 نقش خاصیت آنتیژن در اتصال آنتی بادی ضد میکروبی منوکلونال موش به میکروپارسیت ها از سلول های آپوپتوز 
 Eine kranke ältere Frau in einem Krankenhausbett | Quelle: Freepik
---
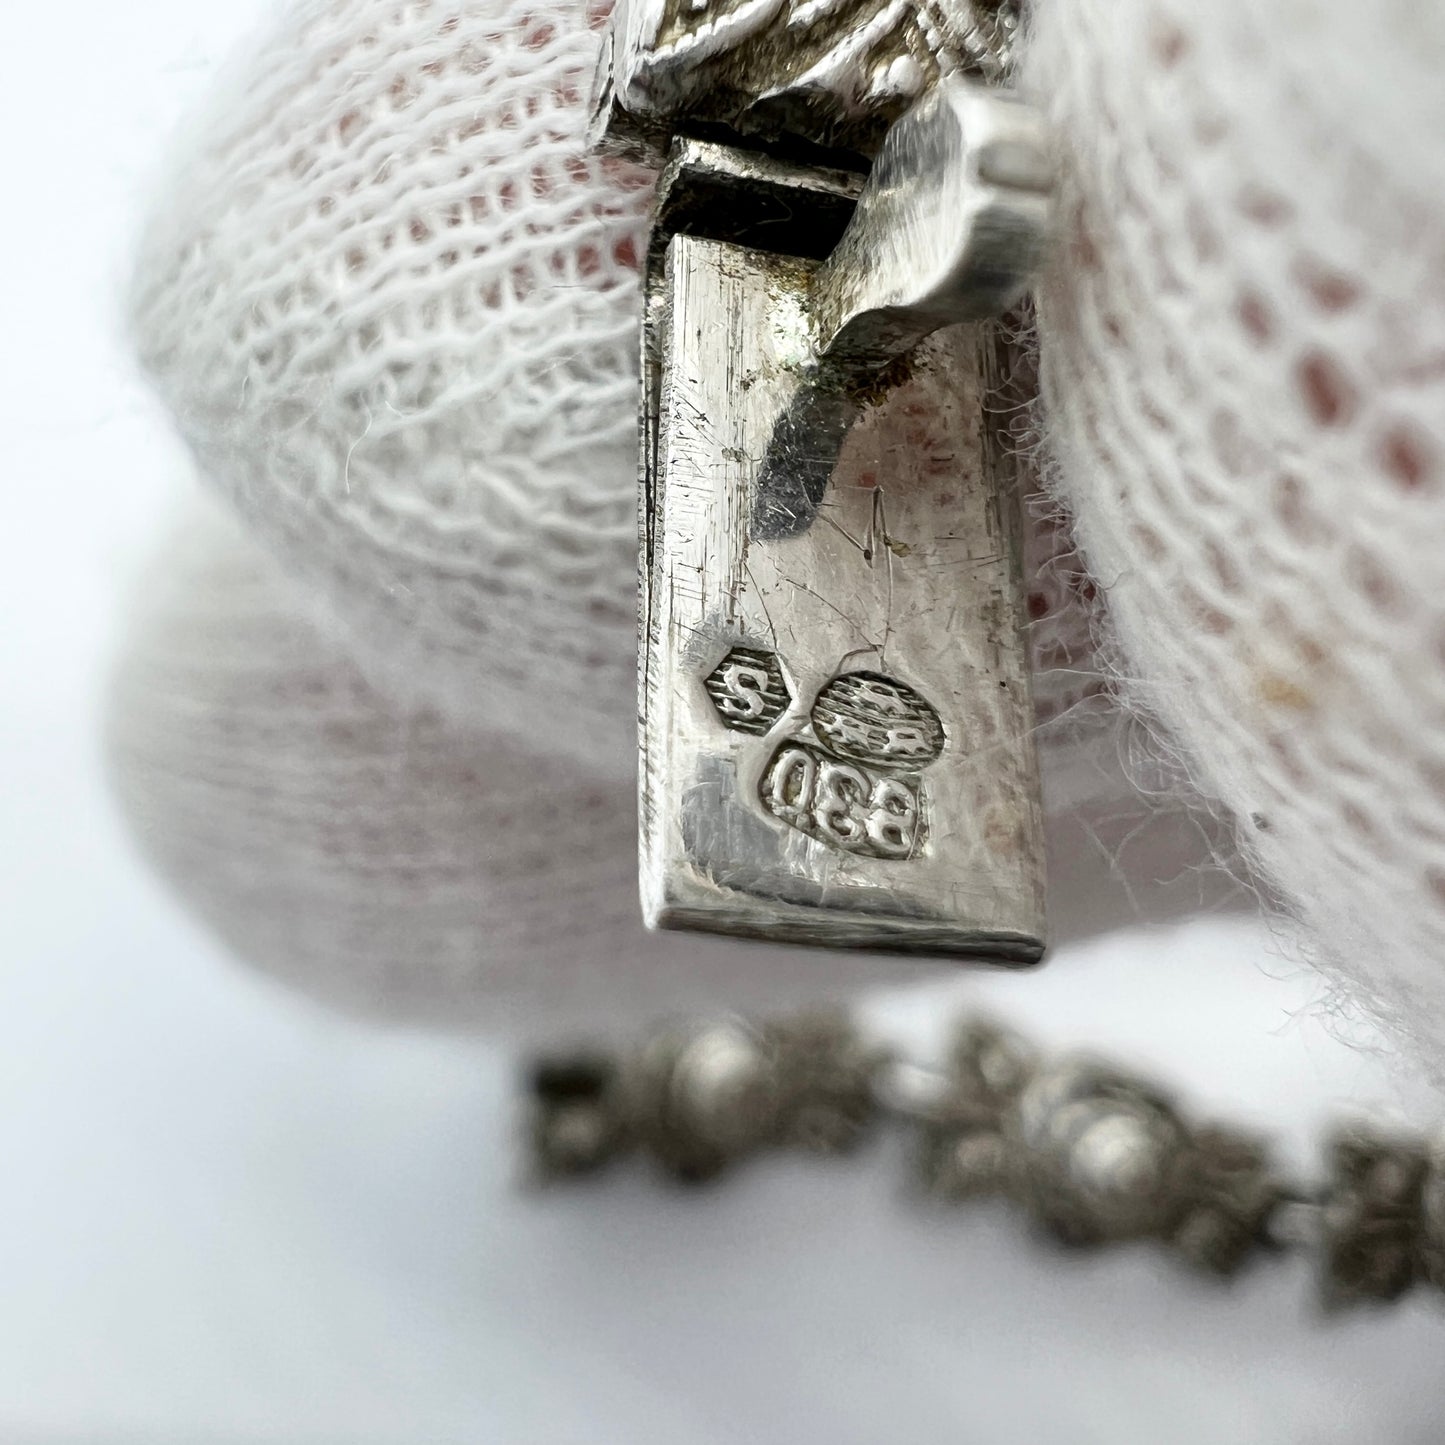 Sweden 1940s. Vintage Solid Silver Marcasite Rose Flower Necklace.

● **WHAT TO WORK ON**: Set down exactly the lines of the data above, beginning with the line that has "نقش خاصیت آنتیژن" and ending with the line that has "Eine kranke ältere", and no others.

● **THE ANSWER**:
 نقش خاصیت آنتیژن در اتصال آنتی بادی ضد میکروبی منوکلونال موش به میکروپارسیت ها از سلول های آپوپتوز 
 Eine kranke ältere Frau in einem Krankenhausbett | Quelle: Freepik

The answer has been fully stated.